▶ **INFORMATION SUPPLIED**:
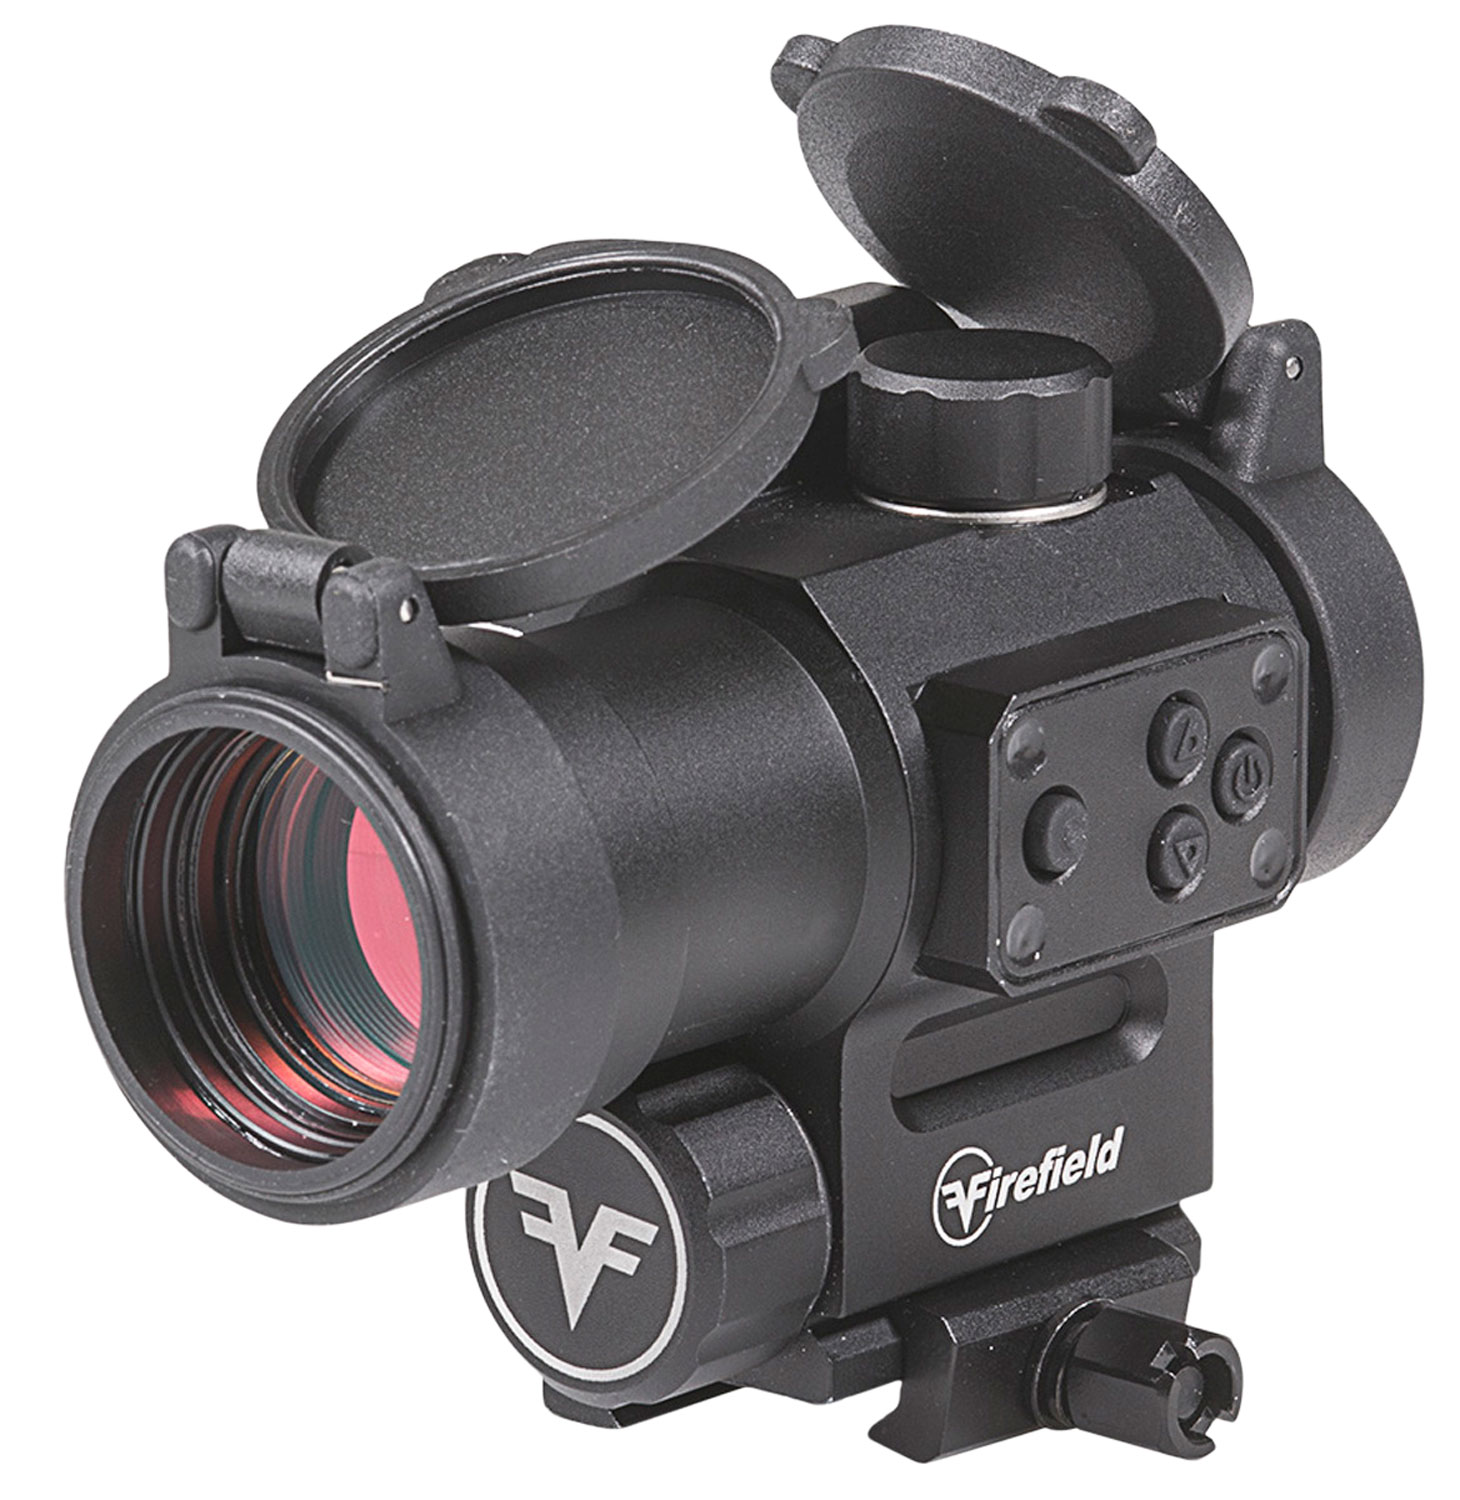 Firefield FF26020 Impulse w/Laser Matte Black 1x 30mm 3 MOA Illuminated Red Dot Reticle Features Red Laser
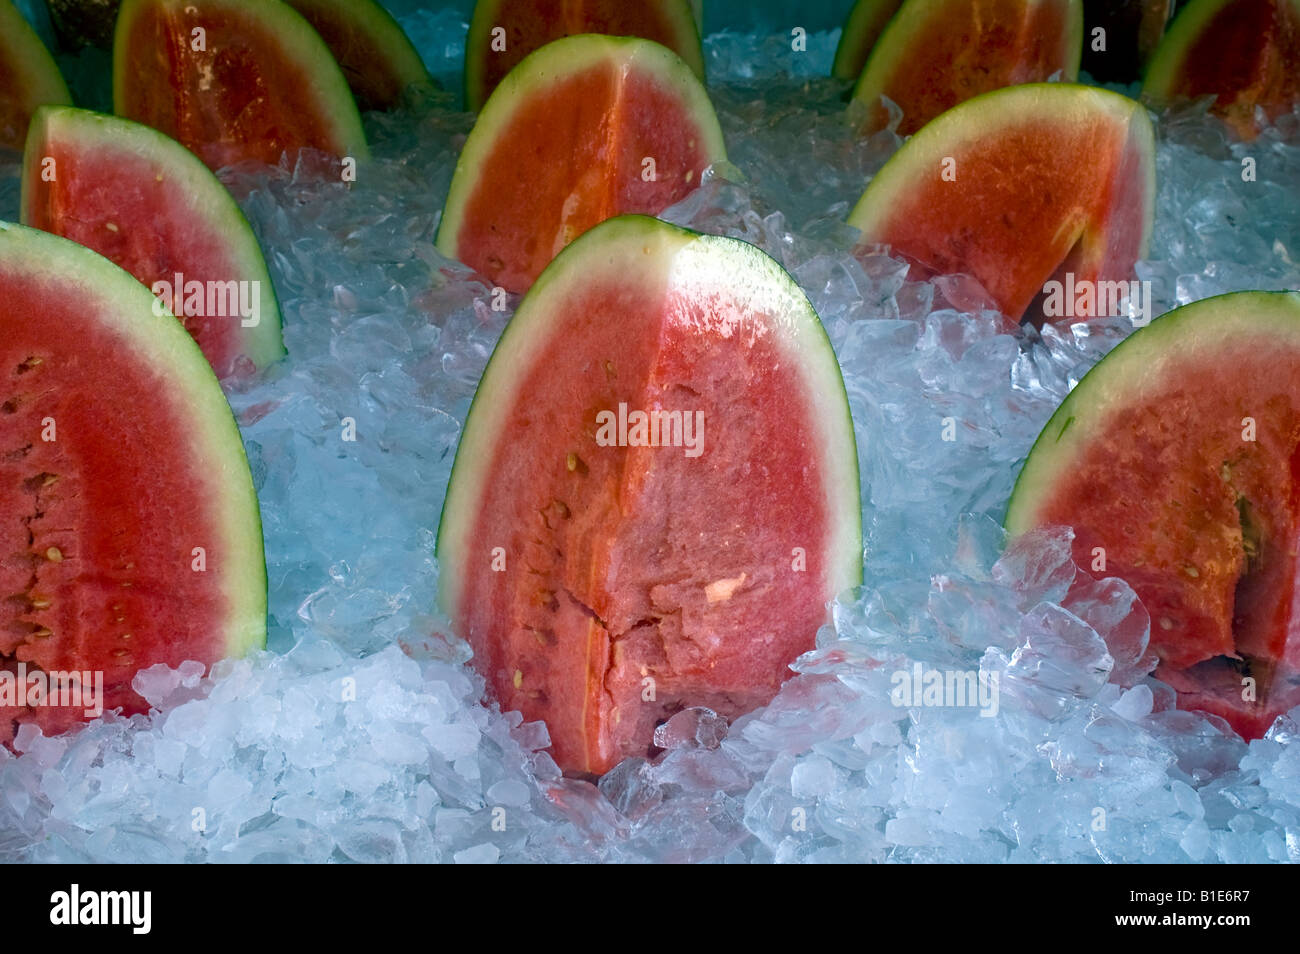 Watermelon on ice in a grocery store in New York Stock Photo
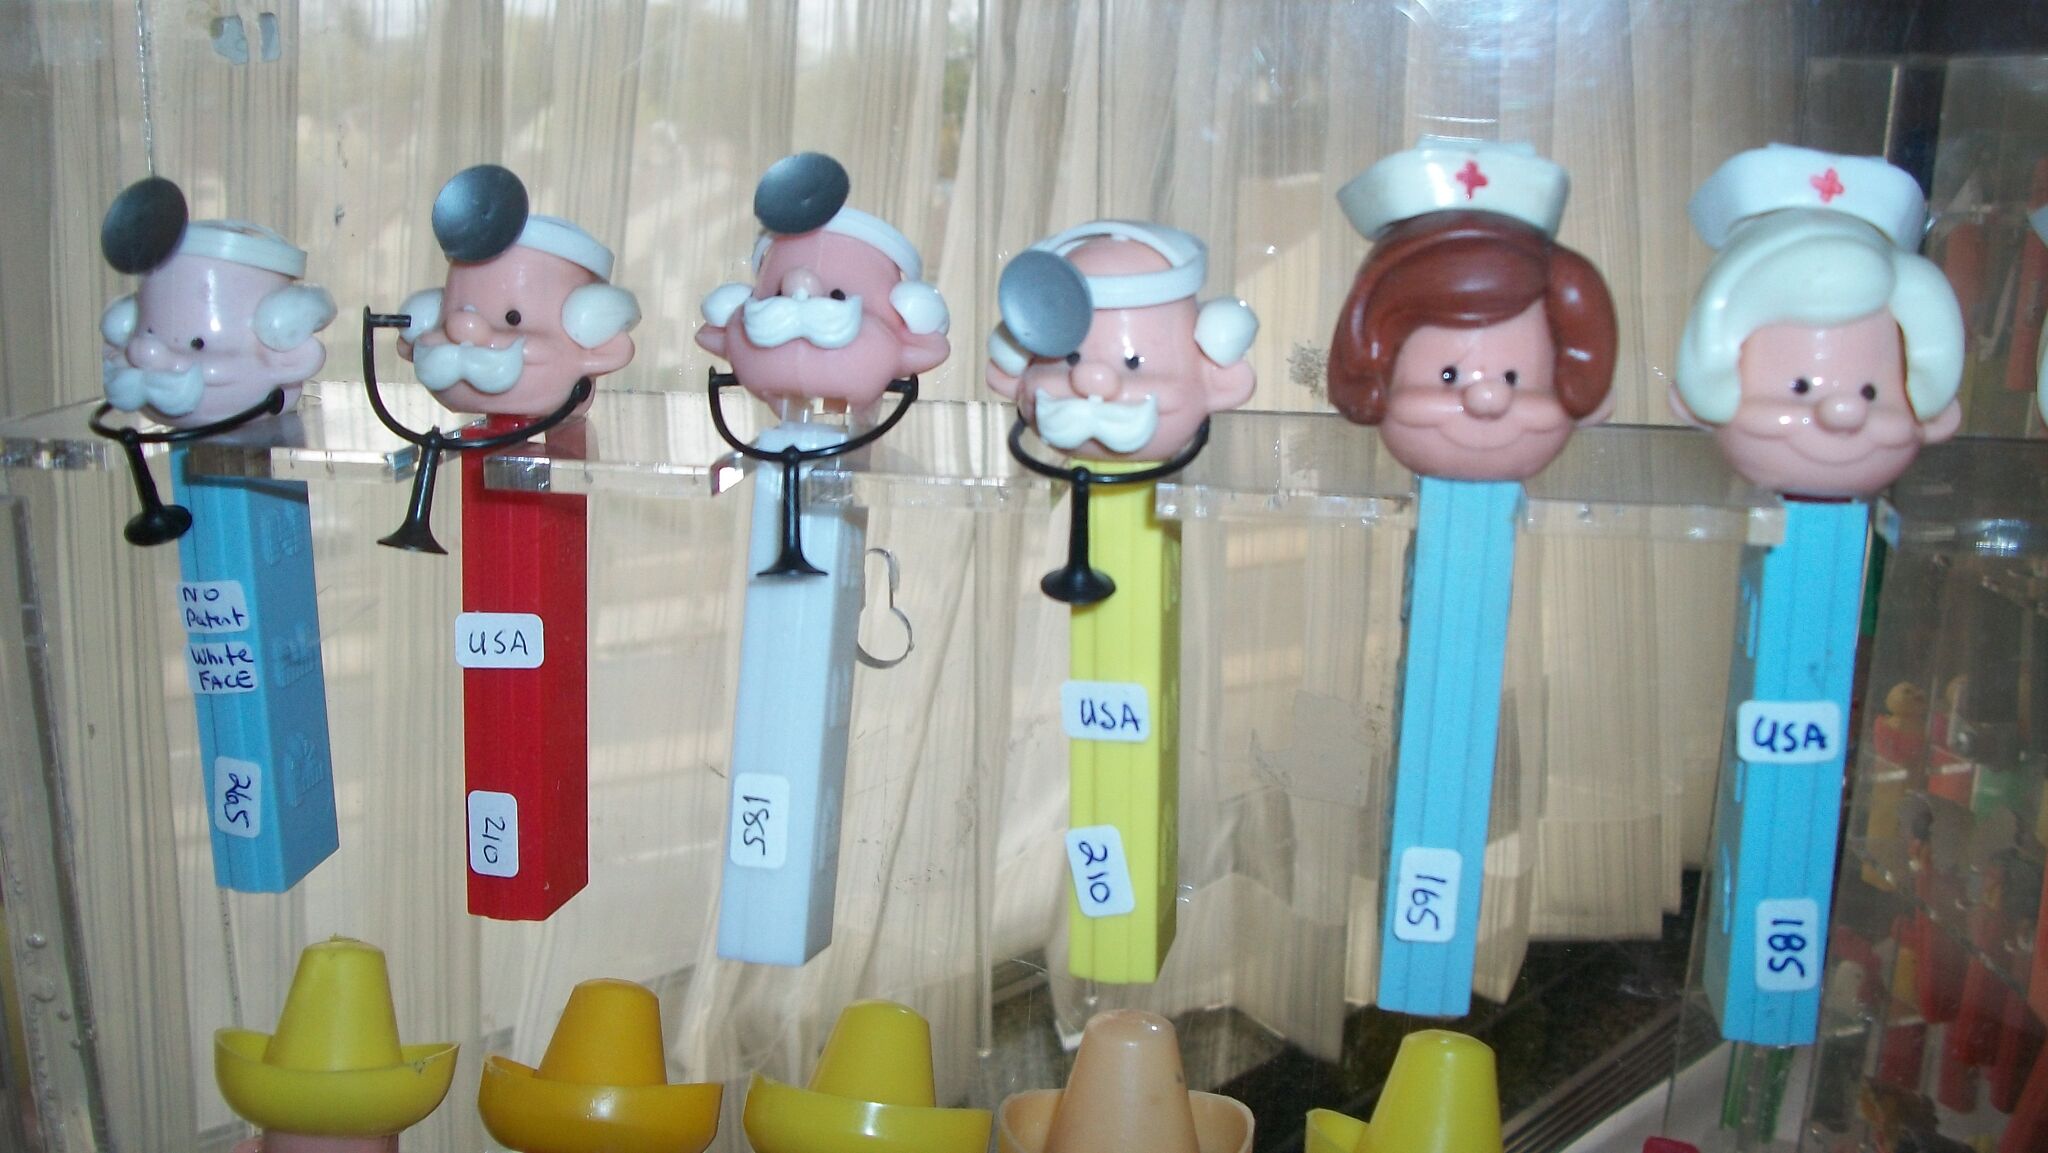 The Northeast PEZ Collector's Convention returns to Orange in May

▶ **WORK TO COMPLETE**: Reprint the data verbatim, pictures excluded.

▶ **TASK OUTPUT**:
 Firefield FF26020 Impulse w/Laser Matte Black 1x 30mm 3 MOA Illuminated Red Dot Reticle Features Red Laser
 Watermelon on ice in a grocery store in New York Stock Photo
 The Northeast PEZ Collector's Convention returns to Orange in May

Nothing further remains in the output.